Not the same incident really, but you don't learn to think of other people in this way, with this sort of dedication, overnight.
But I want to go a bit farther with this. I suspect that in Joe’s case he was not just thinking of his wife, he was probably being really honest. What does it mean to be honest about this? What sort of person could look back and state that he'd do it all over again, even with brain cancer? It requires an understanding that the life you have, no matter the conditions, is a bit of a gift. More than this, it requires a specific humility about your own understanding-- the recognition that the best and most complete life that you could imagine would pale in comparison to the life you are actually given.

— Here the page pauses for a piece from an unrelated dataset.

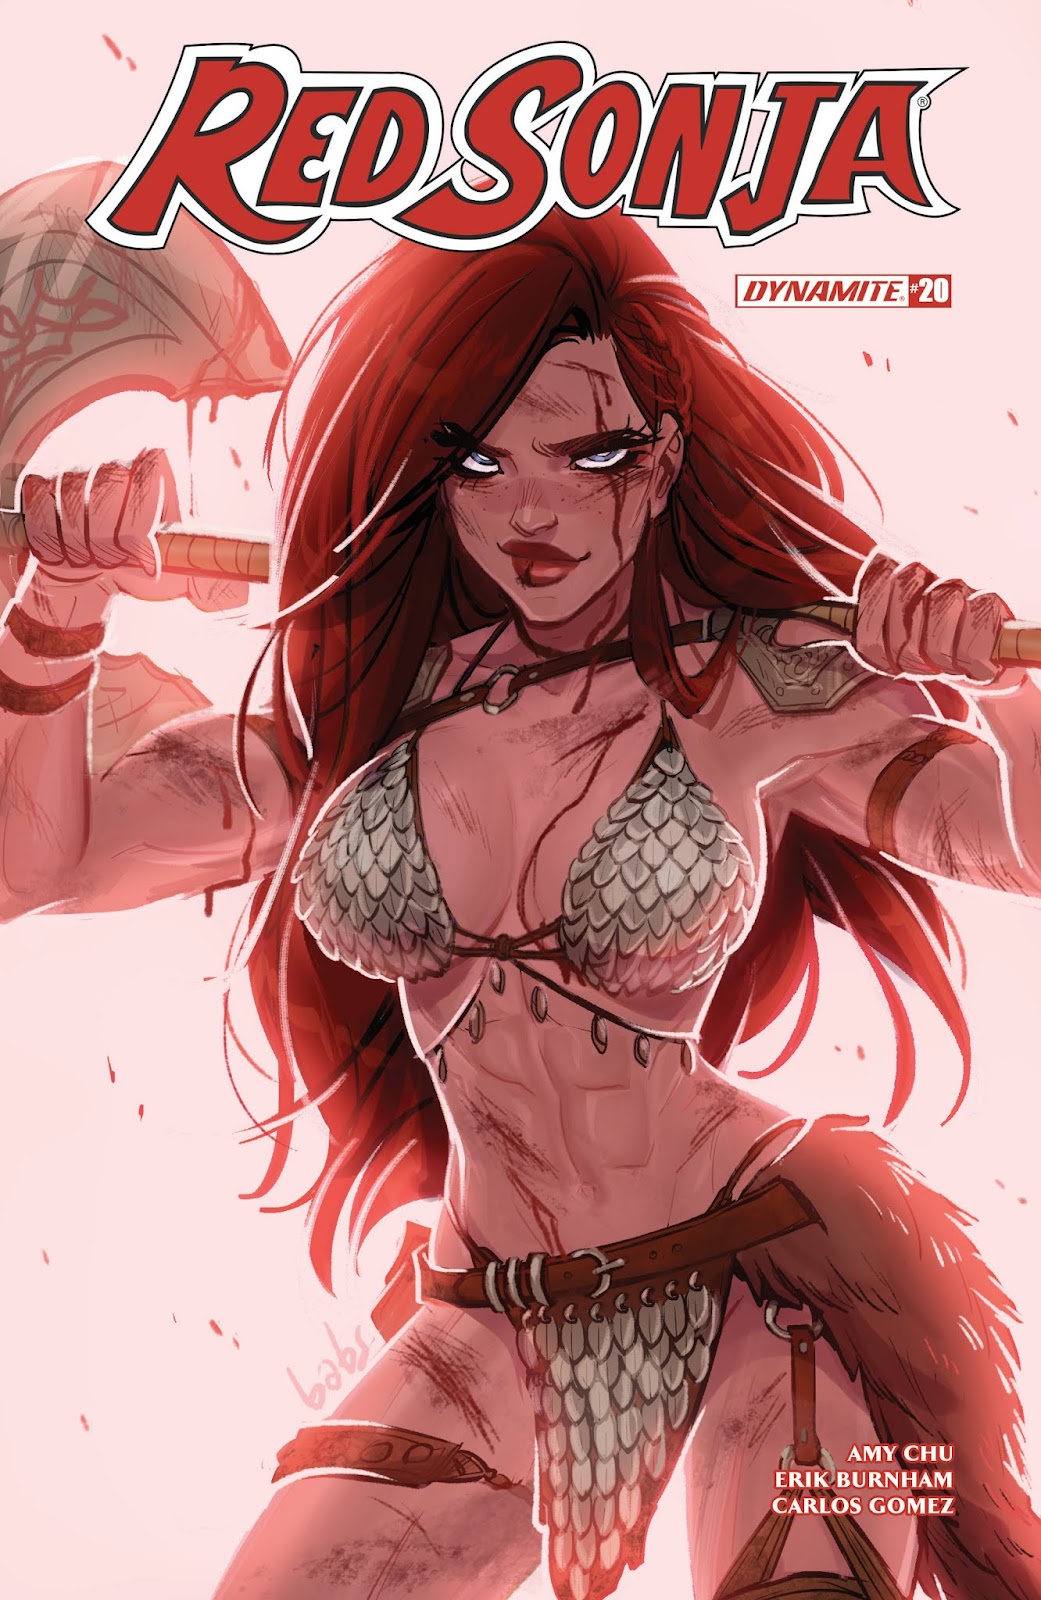 Red Sonja Vol. 4 issue 20 - Page 1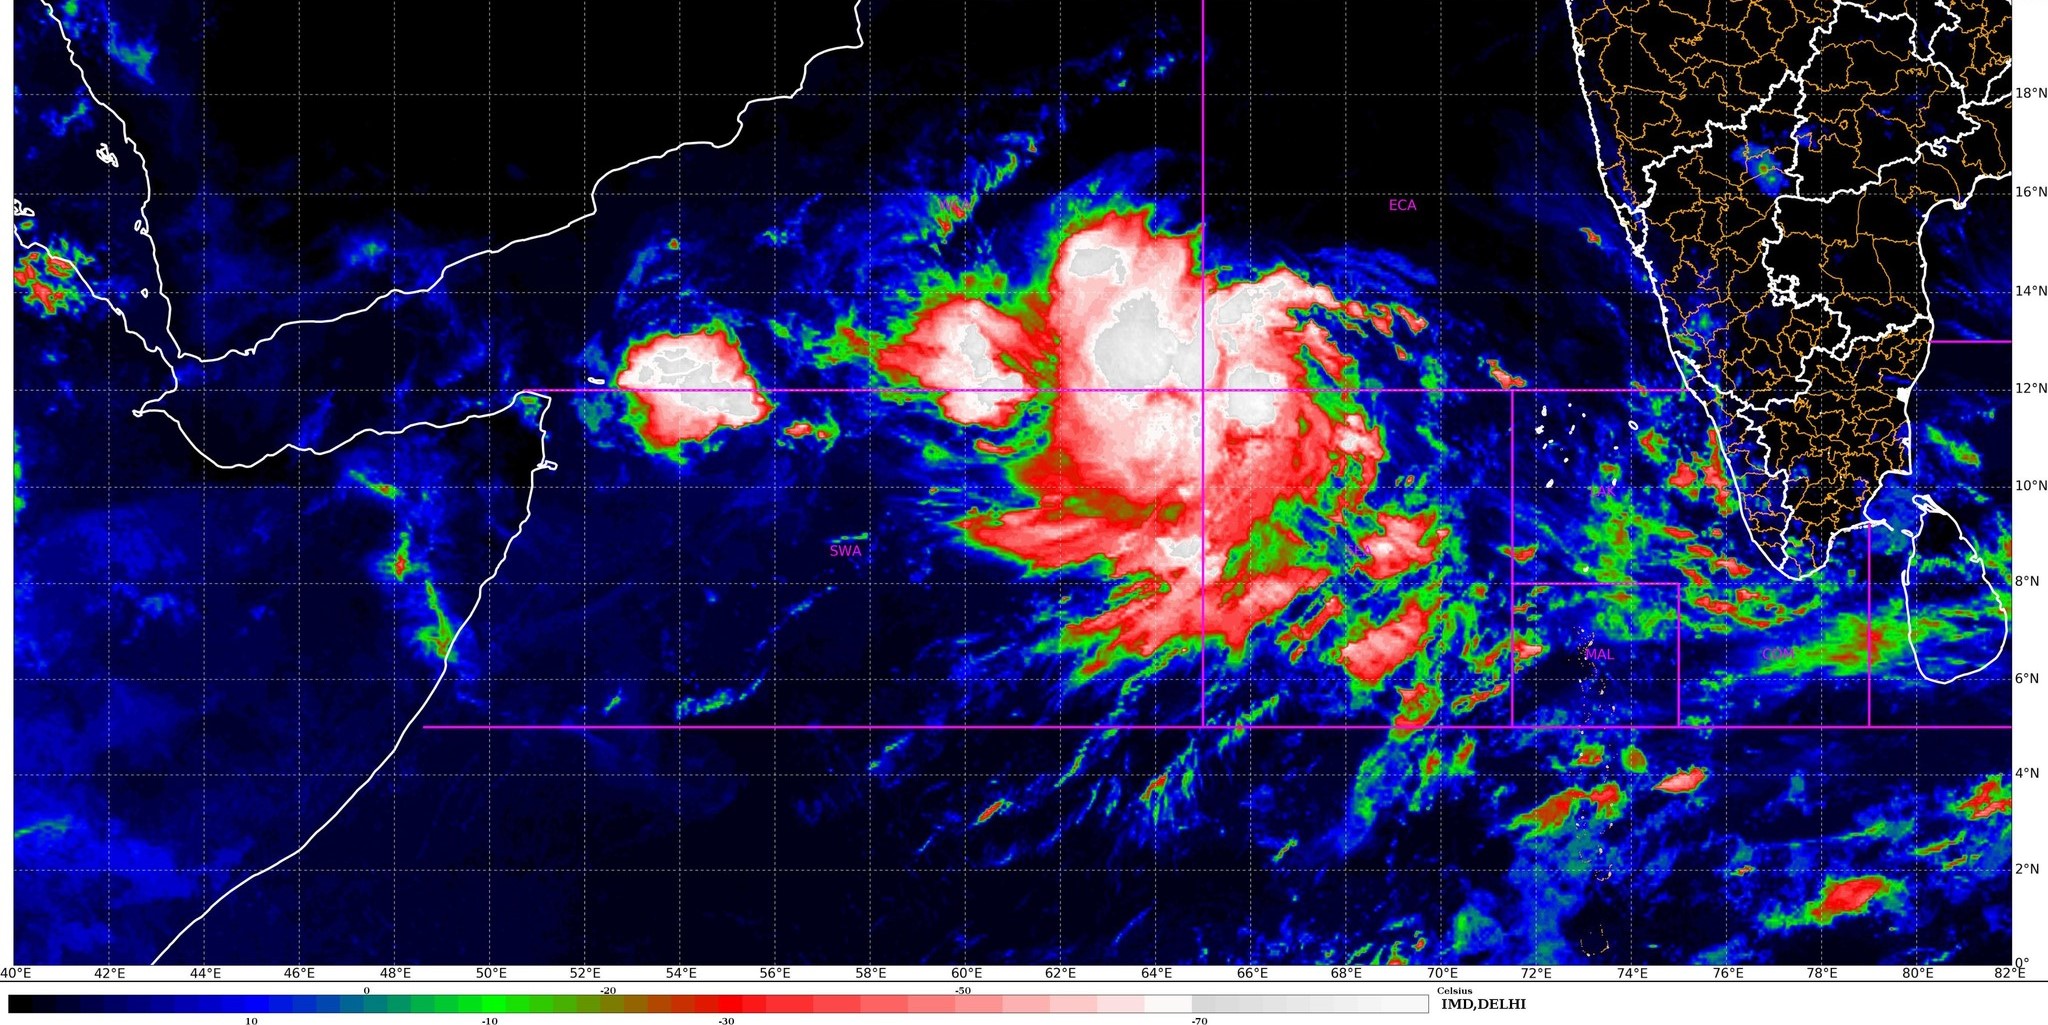 Cyclone forming over Arabian sea will bring rain to Kerala, but monsoon may be further delayed

This is something that is easy to forget if you spend your life fixated on some personal narrative, such as a hero or victim narrative. The stories in our heads— which we use to contextualize our surroundings— are less interesting than the actual events in the world around us. To be able to state on your deathbed that you would choose this life all over again implies that Joe was able to avoid or get beyond these less interesting, synthetic narratives, which is tough because they are addictive.
Joe had an approach, which I saw in high school and did not understand, which was observational in nature. He tended to repeat things, even obvious things, and then build them out. "You broke your leg" might turn into "that seems to be a bad idea," which might cycle again somewhere else. He tended, though, to start in the concrete. It appears, from his wife's letter, that he decided that he loved the concrete things in this world-- his wife, his kids-- and that this allowed him to avoid by instinct rather than rational thought, the sort of moral relativism that plagues weaker people who don't have Joe's imagination and are left stranded, unable to get beyond stock observations.